安部かすみニューヨーク在住ジャーナリスト、編集者
翌朝のニューヨークタイムズの一面(スクリーンショットは筆者が作成)。

安倍晋三元首相が亡くなった。

筆者は米東部時間7日の午後10時半すぎ、ふと見たツイッターで「Shinzo Abe」という文字がトレンド2位にあることに気づいた。タイトルを見ると「Japan’s former prime minister Shinzo Abe shot during campaign…」と書かれてあった。‘shot’という文字が目に飛び込んできたが「shot(銃撃)?」と、やや頭が混乱した。アメリカ全土では銃撃や乱射の事件が多発しているが、日本でshotとは? まさか…と思いながらクリックしたが、その「まさか」が起こっていた。

そこには、安倍元首相が何者かに撃たれたという速報やツイートが続々と流れていた。ほどなくして、日本好きの友人からもメッセージが届いた。彼はNHK Worldを観ていたら速報に切り替わり、事件を知ったという。日本であまり起こらない大事件にショックを受けているようだった。

翌朝目覚めた筆者は、祈る気持ちでツイッターを開いたら‘Rest In Peace’がトレンド入りして、安倍氏の死を知った。ニュースフィードの一面は、その一報で溢れていた。ツイッターではほかにも「RIP Abe」「PM Abe」がトレンドワードになり、「Japan」がアメリカのトレンド1位となった。

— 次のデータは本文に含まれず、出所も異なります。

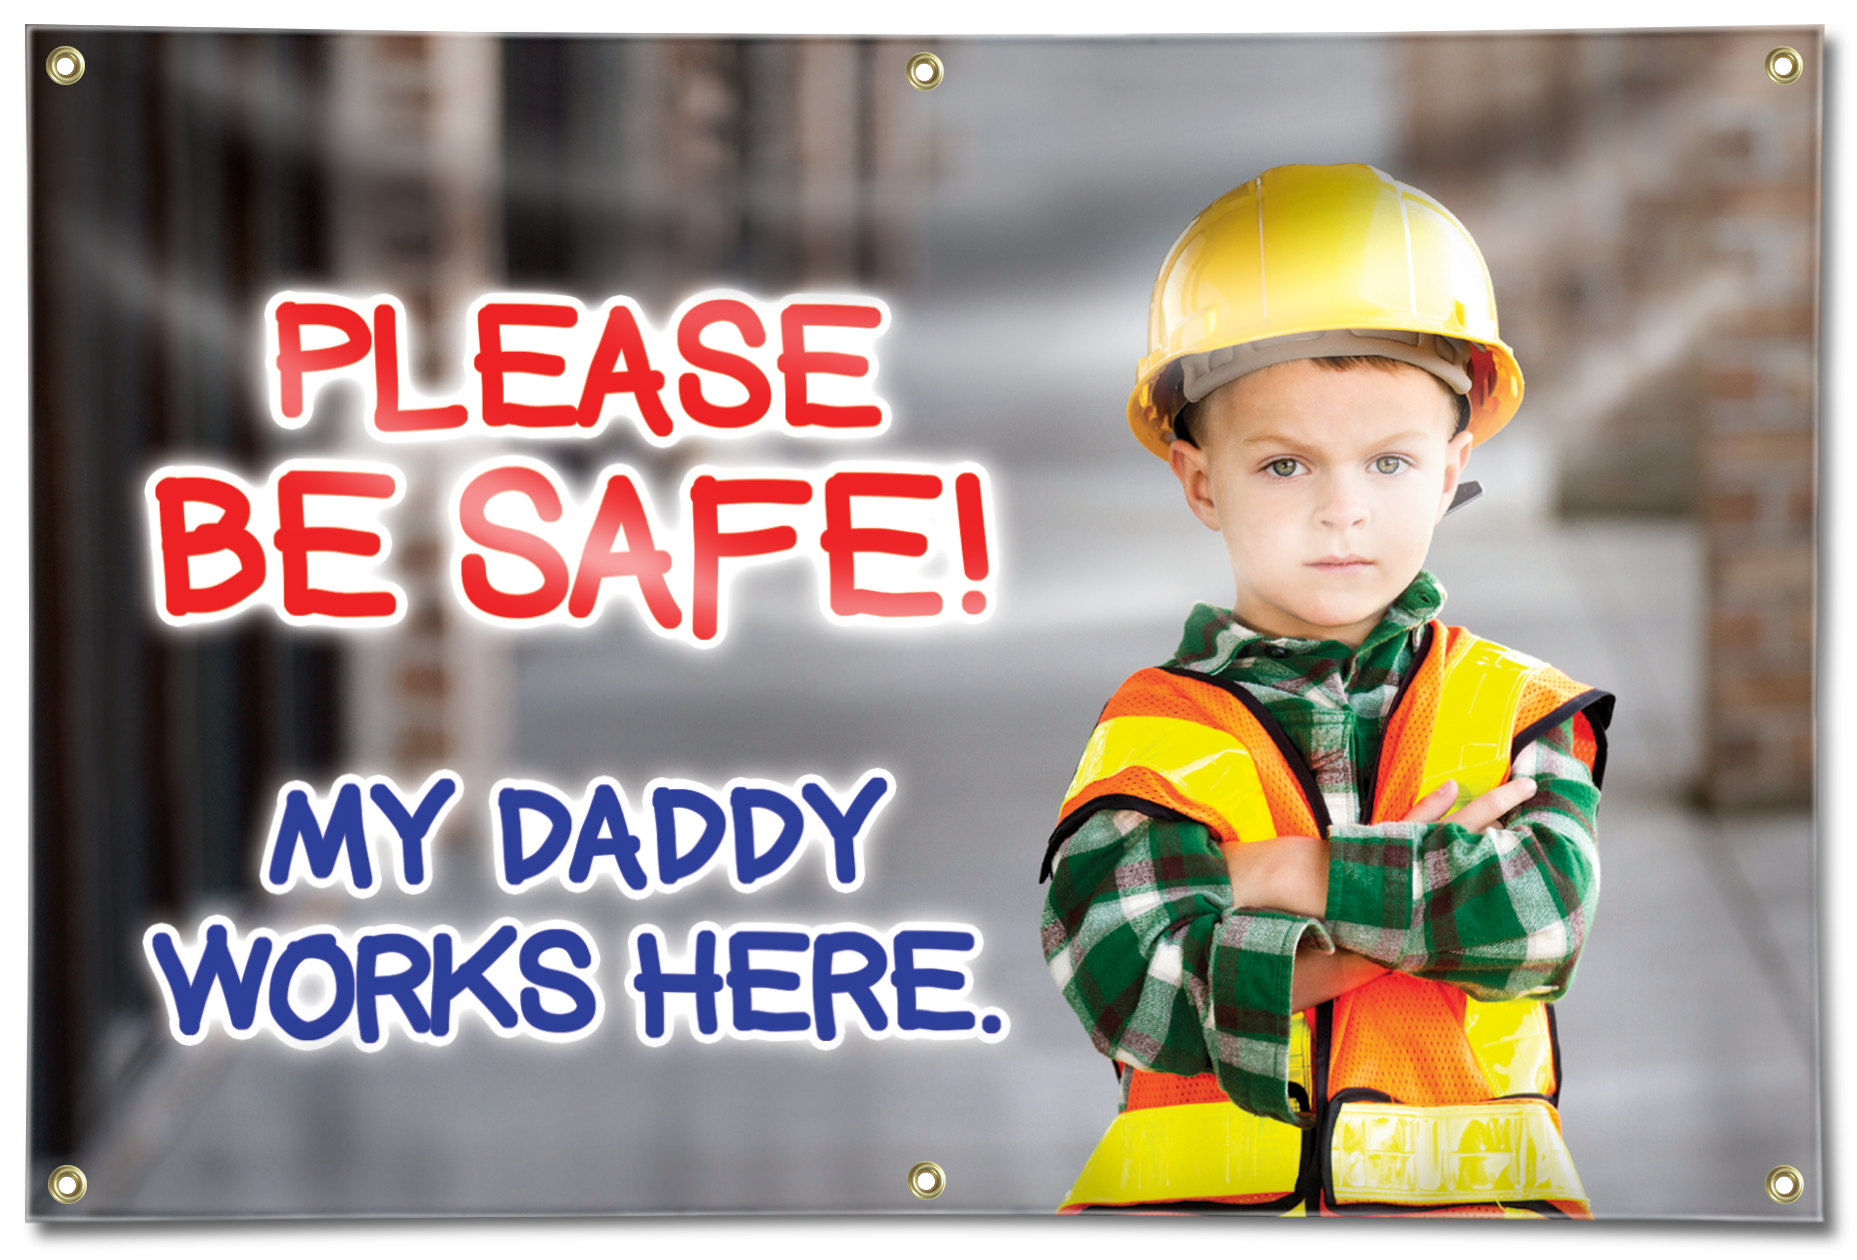 Daddy works here BANNER.png

8日朝、このニュースはツイッターのアメリカのトレンド1位に(スクリーンショットは筆者が作成)。
8日朝、このニュースはツイッターのアメリカのトレンド1位に(スクリーンショットは筆者が作成)。

アメリカの同盟国である日本のリーダーとして長きにわたり友好関係を構築、尽力してきた人物の、しかも選挙活動中の殺害事件は、止まぬ銃犯罪に頭を悩ませ、同じく民主主義を重んじるアメリカ社会をも大きく震撼させた。

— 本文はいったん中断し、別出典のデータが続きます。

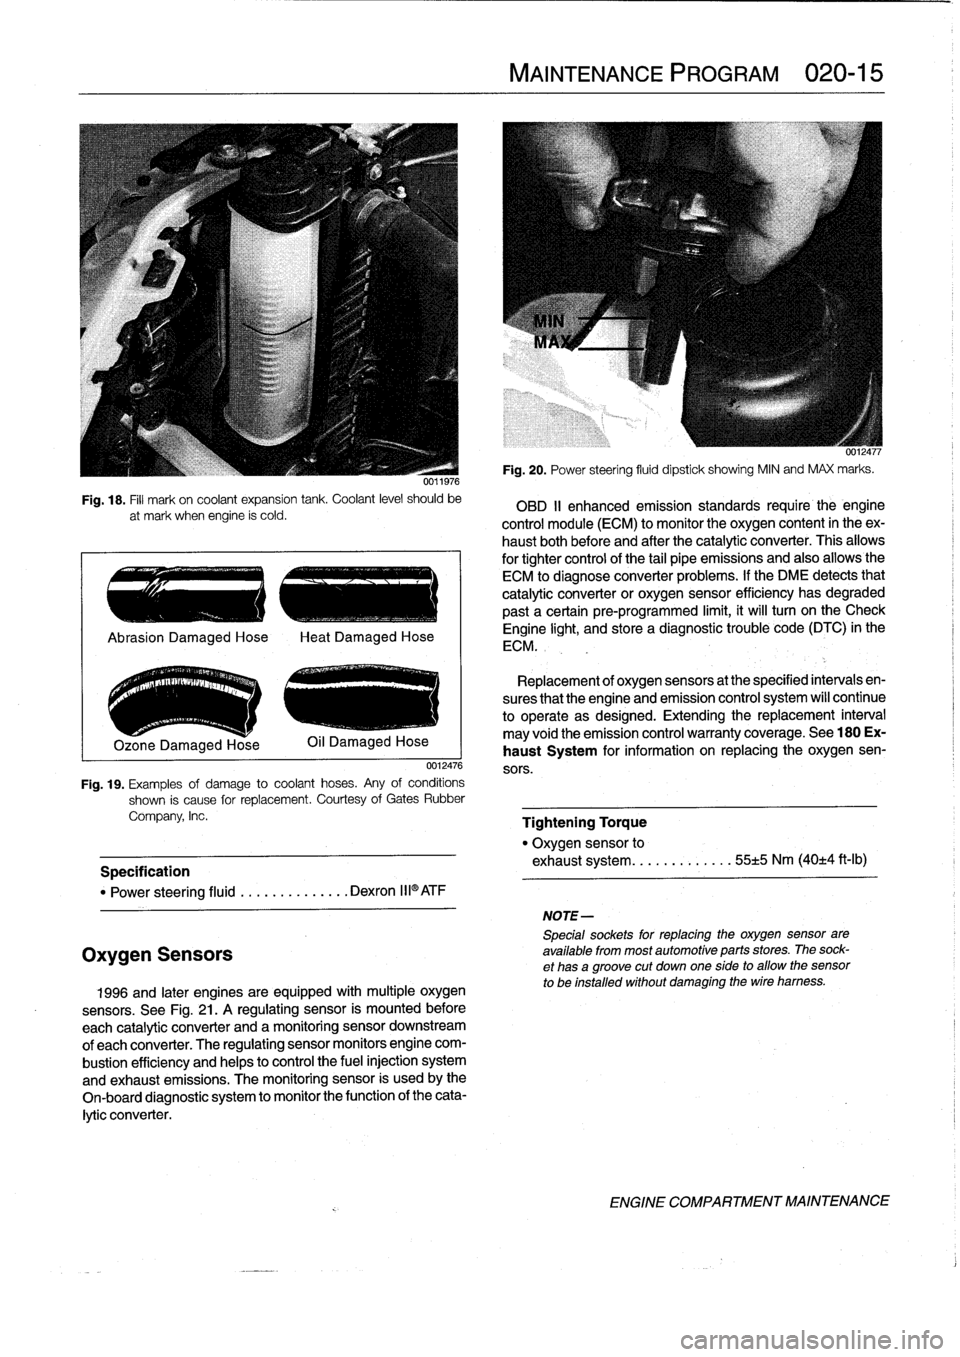 BMW 318i 1997 E36 Owners Manual 
Fig
.
18
.
Fill
mark
on
coolant
expansion
tank
.
Coolant
level
should
be

at
mark
when
engine
ís
cold
.

.
..
e
..
.-
..

	

~
..
.-
.

Ozone
Damaged
Hose

0012476

Fig
.
19
.
Examples
of
damage
to

日系アメリカ人の友人からは聞かずとも、筆者の下にこのようなメッセージが来た。「PM Shinzo Abeの暗殺というショッキングなニュースを今しがた、CBSやCNNで知ったわ」「とてもひどい、悲しいこと!」「銃の写真はハンドメイドに見えるわね。日本で銃の購入は非常に困難だから、自分で作ったんでしょうね」「日本は犯罪率が低く、特に銃を使った暴力事件数は少ないって聞いているから、本当にショッキング」。また、普段連絡がこない知人からも、日本に対してのお悔やみメールが届いている。人々の日本に対するリアクション(衝撃)は、東日本大震災の時と似ている。

米メディアは軒並み「暗殺」と報じる

友人が言った‘Assassination’。暗殺というこの言葉でNBC、FOX、CNN、NPR、ニューヨークタイムズ、ワシントンポストなど各主要メディアが殺害事件を報じている。意味を広辞苑で調べると「ひそかにねらって人を殺すこと。多く、政治的に対立している要人を殺すこと」とある。英語の意味をケンブリッジ辞書で引くと、同様に「有名な人や重要な人を殺害すること。特に政治的な理由もしくは金銭と引き換えに」とある。

まだ容疑者の動機については捜査の段階で不明だが、「政治信条に対する恨みではない」とする日本の報道もある一方、何らかの理由で「殺そうと思って狙った」と殺害の意思があったことも示されている。動機の解明が待たれる。

「安倍晋三、日本の元リーダーが即席兵器で男に暗殺された」という見出しの、ワシントンポストの一面。(スクリーンショットは筆者が作成)。
「安倍晋三、日本の元リーダーが即席兵器で男に暗殺された」という見出しの、ワシントンポストの一面。(スクリーンショットは筆者が作成)。

また多くの記事では、安倍氏を紹介する枕詞として「日本でもっとも長く務めた首相」という言葉が使われている。日本の首相は頻繁に変わるという印象がアメリカにはあり、ヨーロッパやカナダなどの近隣国のリーダーに比べて知名度が上がらないことが多いが、安倍氏は8年8ヵ月もの間、日米の友好関係に貢献してきた人物として、一般市民の間でも割と知名度が高い方だと思う(辞任後も今だに筆者は『同じ苗字だね』と指摘されることが多く、知名度の高さを肌感覚で感じてきた)。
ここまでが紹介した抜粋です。